Le pot plus efficace que les pilules

La Presse, mardi 13 mars 2001, p. E1
Duchesne, André

Toute frêle, la voix pas très forte, ses petites lunettes sur le bout du nez, Jodie Jonas a pris place à la barre des témoins, salle 5.02 du palais de justice de Montréal. Nom, âge, occupation déclinés, elle a parlé de sa maladie au nom pas très inspirant de syndrome de vomissements cycliques.

Parfois, dans les pires moments, la récurrence est à toutes les deux semaines. Elle vomit sans arrêt. Des migraines, des nausées et des douleurs musculaires l'assaillent. Elle a de la difficulté à dormir et à manger. Elle se déshydrate au point où elle doit se présenter à l'hôpital. Au point où elle éprouve de la difficulté à avaler des cachets susceptibles de la soulager.

L'horreur, en somme. Et ça dure depuis cinq ans.

Et puis, un jour, encore une fois malade, Jodie a fumé un joint. Et un autre. Effet immédiat, ingurgitation facile. Elle n'a plus lâché le «traitement».

«Sans marijuana, je ne crois pas que je serais encore en vie aujourd'hui», a-t-elle laissé tomber hier après-midi au procès de Marc-Boris Saint-Maurice et Alexandre Néron, deux bénévoles du Club Compassion de Montréal. Arrêtés le 10 février 2000 à la suite d'une perquisition de la police de la CUM dans les locaux de l'organisme, rue Rachel Est, ils sont accusés de possession et trafic de marijuana.

Amorcé le 19 février dernier, le procès des deux bénévoles de 32 et 22 ans a pris une nouvelle tournure depuis que la défense a déposé une requête dans l'objectif de démontrer l'inconstitutionnalité de la loi sur les stupéfiants. L'avocat Pierre Léger tente de prouver que la législation comporte une faille importante, car si le ministère fédéral de la Santé permet à certains malades de consommer de la marijuana pour calmer leurs douleurs, l'acte d'en acheter demeure illégal.

Dans sa requête, la défense s'appuie entre autres sur un jugement rendu l'an dernier en Ontario et qui déclarait inconstitutionnelle la loi fédérale interdisant la possession de cannabis. L'avocat des deux accusés souhaite obtenir une extension à ce jugement pour faire en sorte que le trafic, dans le cas des Clubs Compassion- de Montréal et d'autres villes canadiennes-, soit soustrait à la loi.

Hier, la défense a fait comparaître quelques malades, membres du Club Compassion, venus témoigner de leur expérience et des bienfaits que leur procure la consommation de l'herbe bleue. Comme Claude Messier, écrivain, étudiant à l'UQAM et candidat du Bloc Pot dans la circonscription de Rosemont/Petite-Patrie aux dernières élections fédérales. Atteint de dystonie musculaire dégénérative, l'homme de 34 ans est cloué sur un lit motorisé dont il actionne le bras de commande avec sa bouche.
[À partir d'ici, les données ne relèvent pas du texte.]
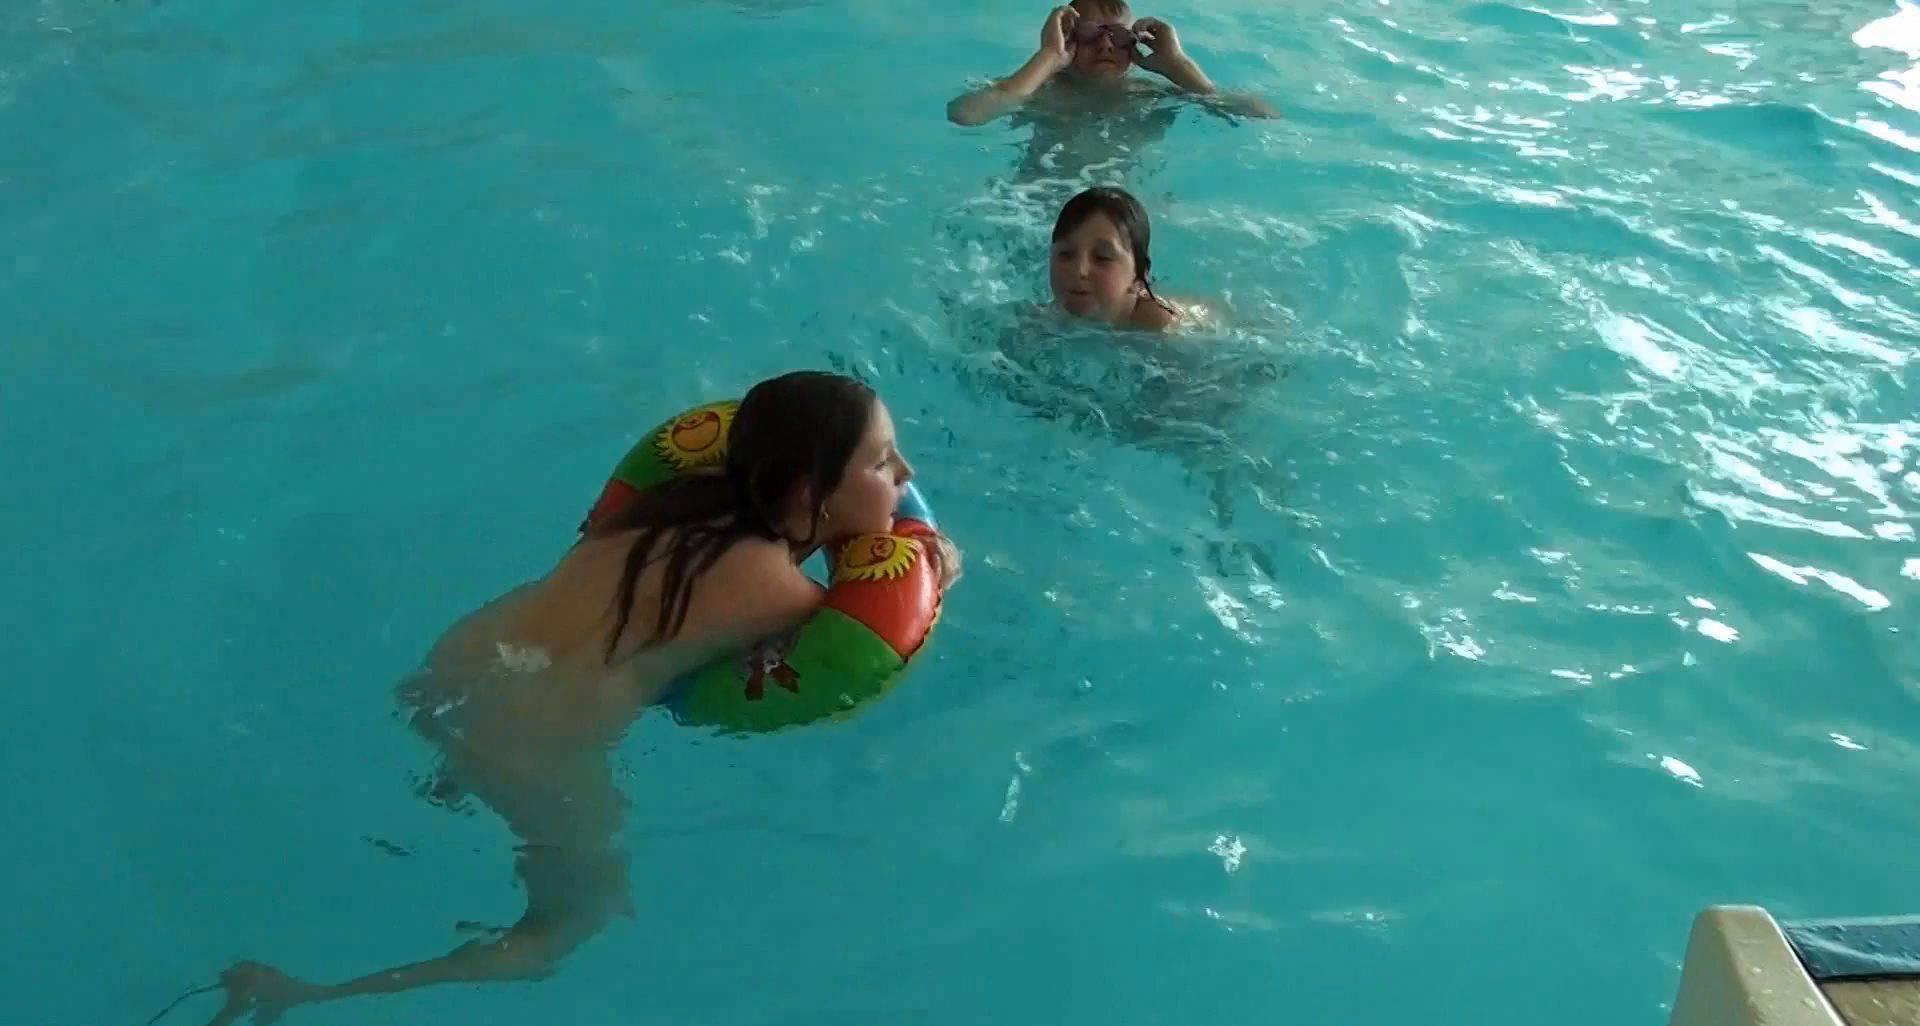 Naturist Videos Family Waterpool Funs - 2

M. Messier a expliqué que tous les muscles de son corps sont régulièrement secoués de crampes, comme celles qu'on peut ressentir parfois dans le mollet, et comment la marijuana relaxe ses muscles et atténue ses douleurs. «Quinze personnes au Québec sont atteintes de la même maladie et toutes sont couchées sur un lit d'hôpital. Moi, je veux continuer à être actif», a-t-il plaidé pour justifier sa consommation quotidienne de deux grammes de pot.
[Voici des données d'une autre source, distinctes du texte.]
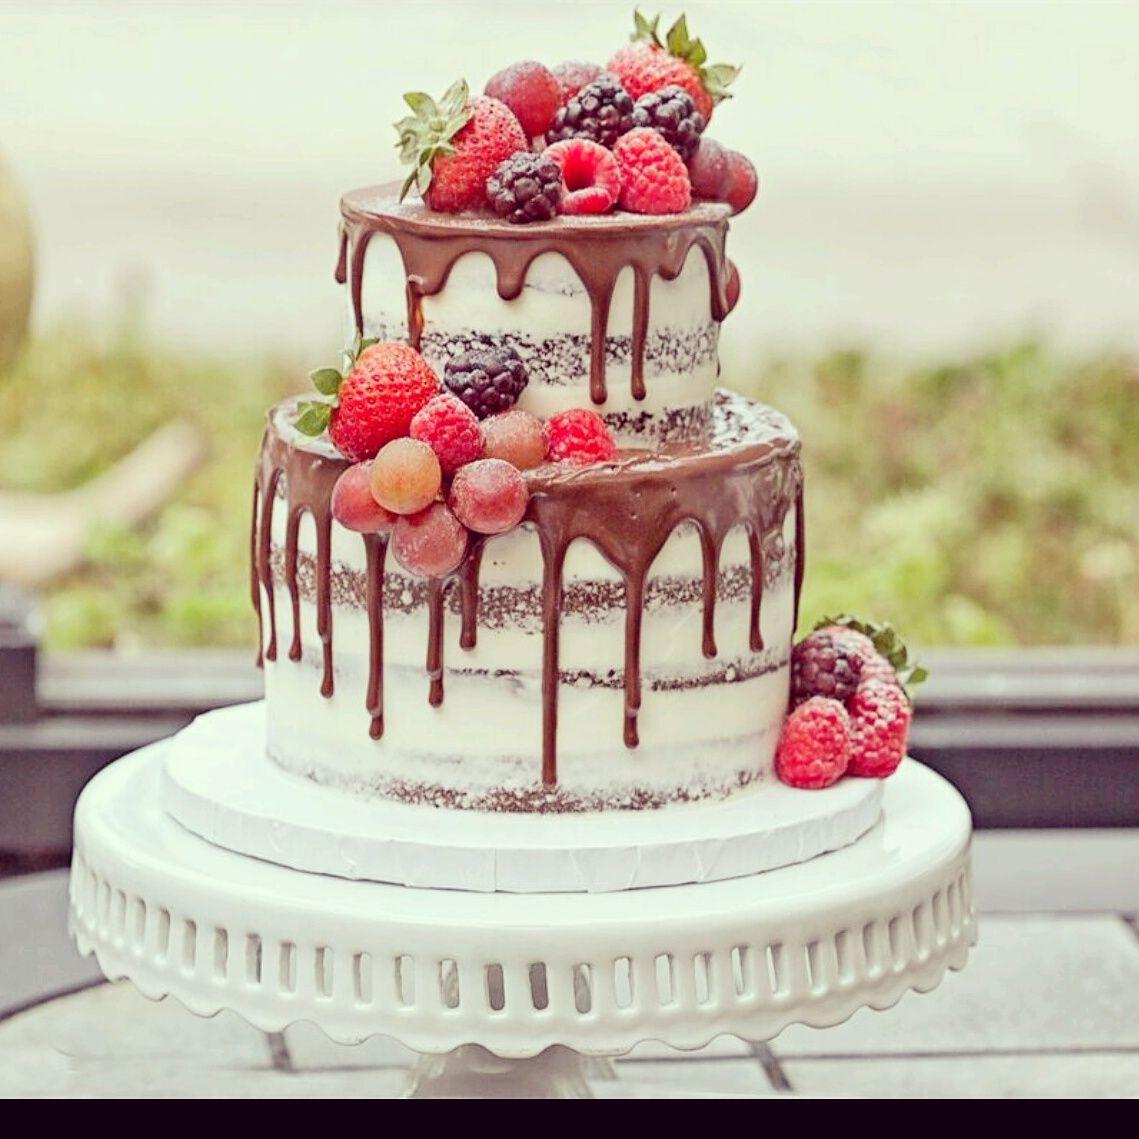 Naked Cake with Chocolate Drip

Mais son témoignage avait surtout pour objet de défendre le bien-fondé du Club Compassion dont les responsables lui fournissent et lui livrent de la marijuana de qualité. Jodie Jonas est allée plus loin encore. «Ce sont des saints, ce sont des anges», a-t-elle indiqué à l'extérieur du tribunal.

Le club dessert actuellement 55 personnes qui doivent, pour obtenir de la marijuana, avoir en main une recommandation ou une prescription médicale, a mentionné une fondatrice, Caroline Doyer.
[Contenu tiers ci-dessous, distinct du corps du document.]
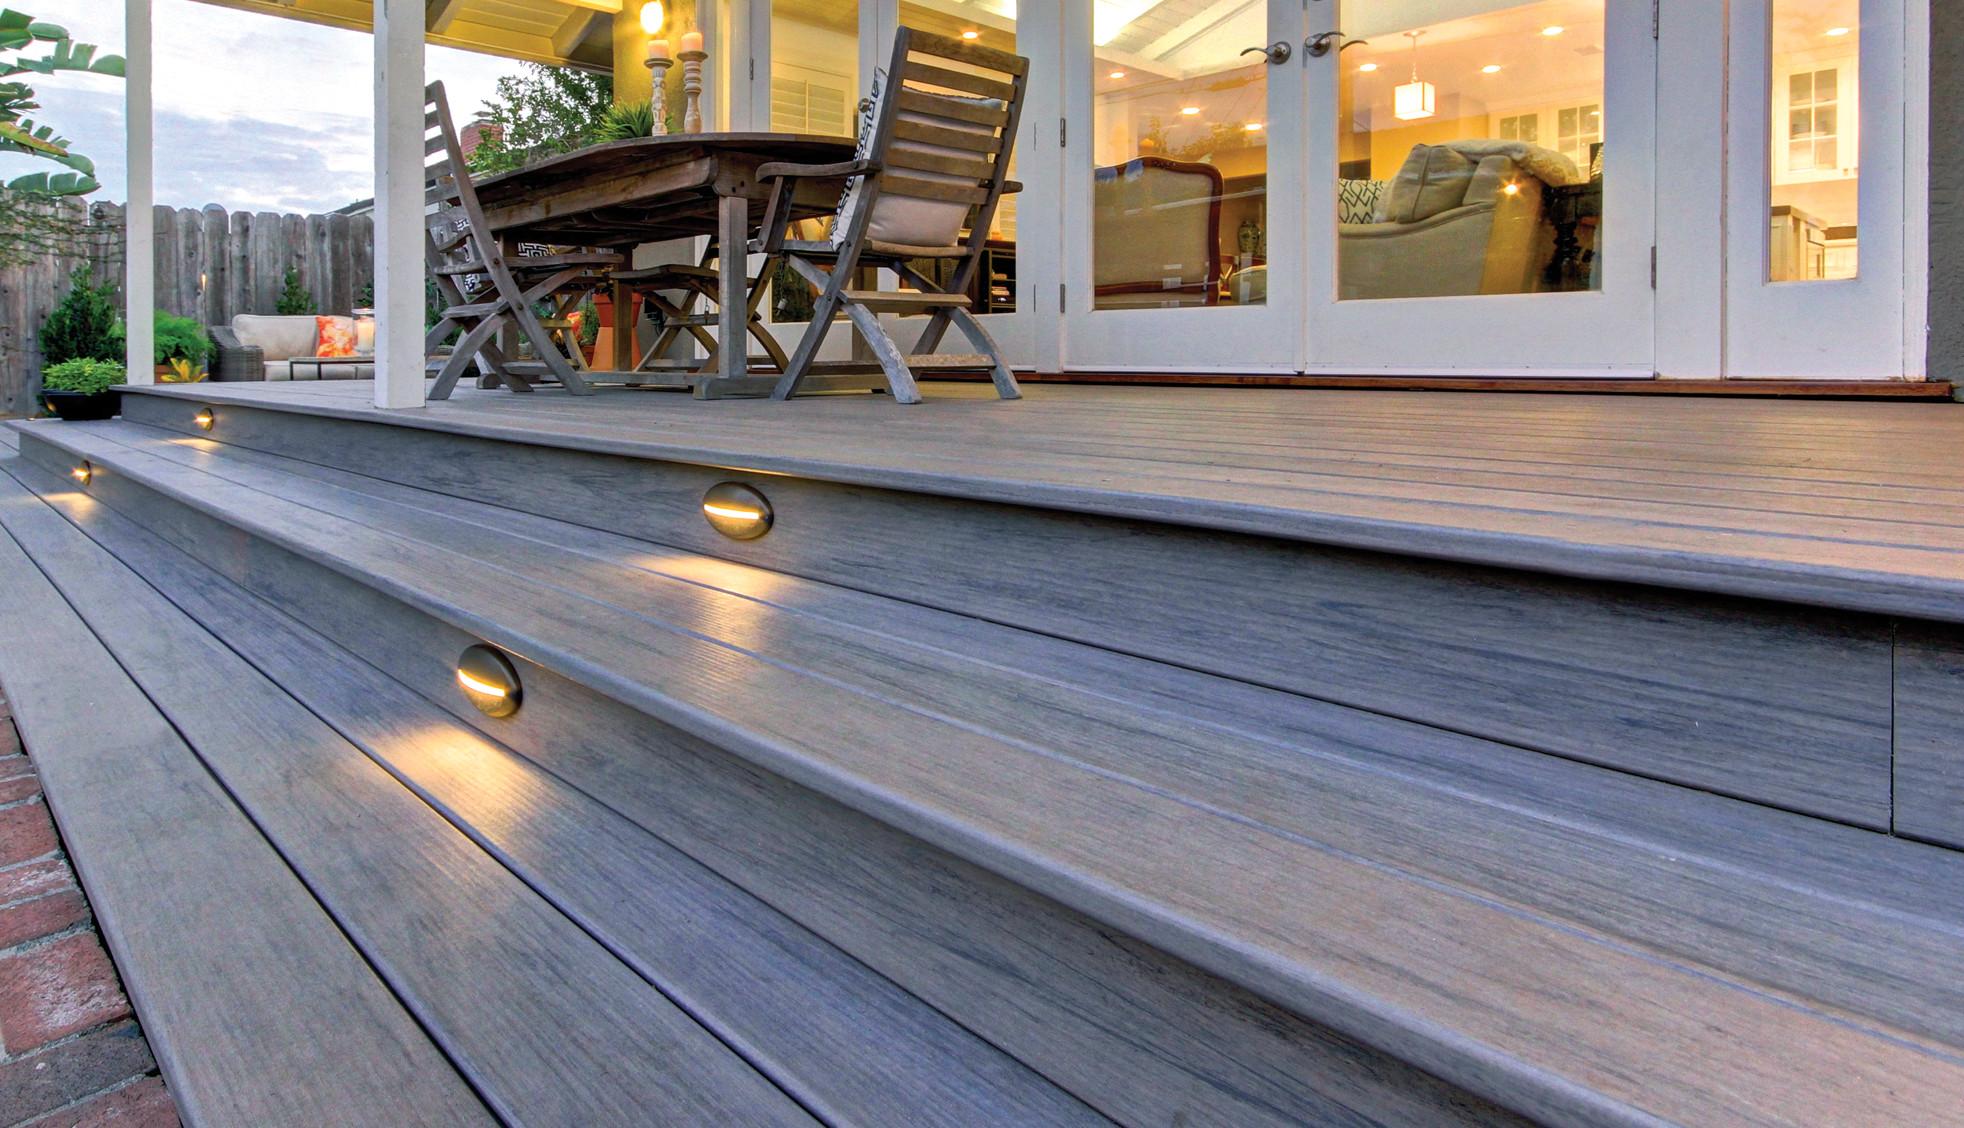 TimberTech Terrassen-Setzstufenleuchten – Ansicht 1

Celle-ci a décrit le fonctionnement du club, les formulaires que doivent remplir les malades avant d'être admis et l'ensemble des documents qui leur sont transmis. Selon elle, les clients sont suivis de près, question de s'assurer qu'ils n'achètent pas davantage que ce dont ils ont besoin pour calmer leurs souffrances. Son témoignage se poursuit ce matin.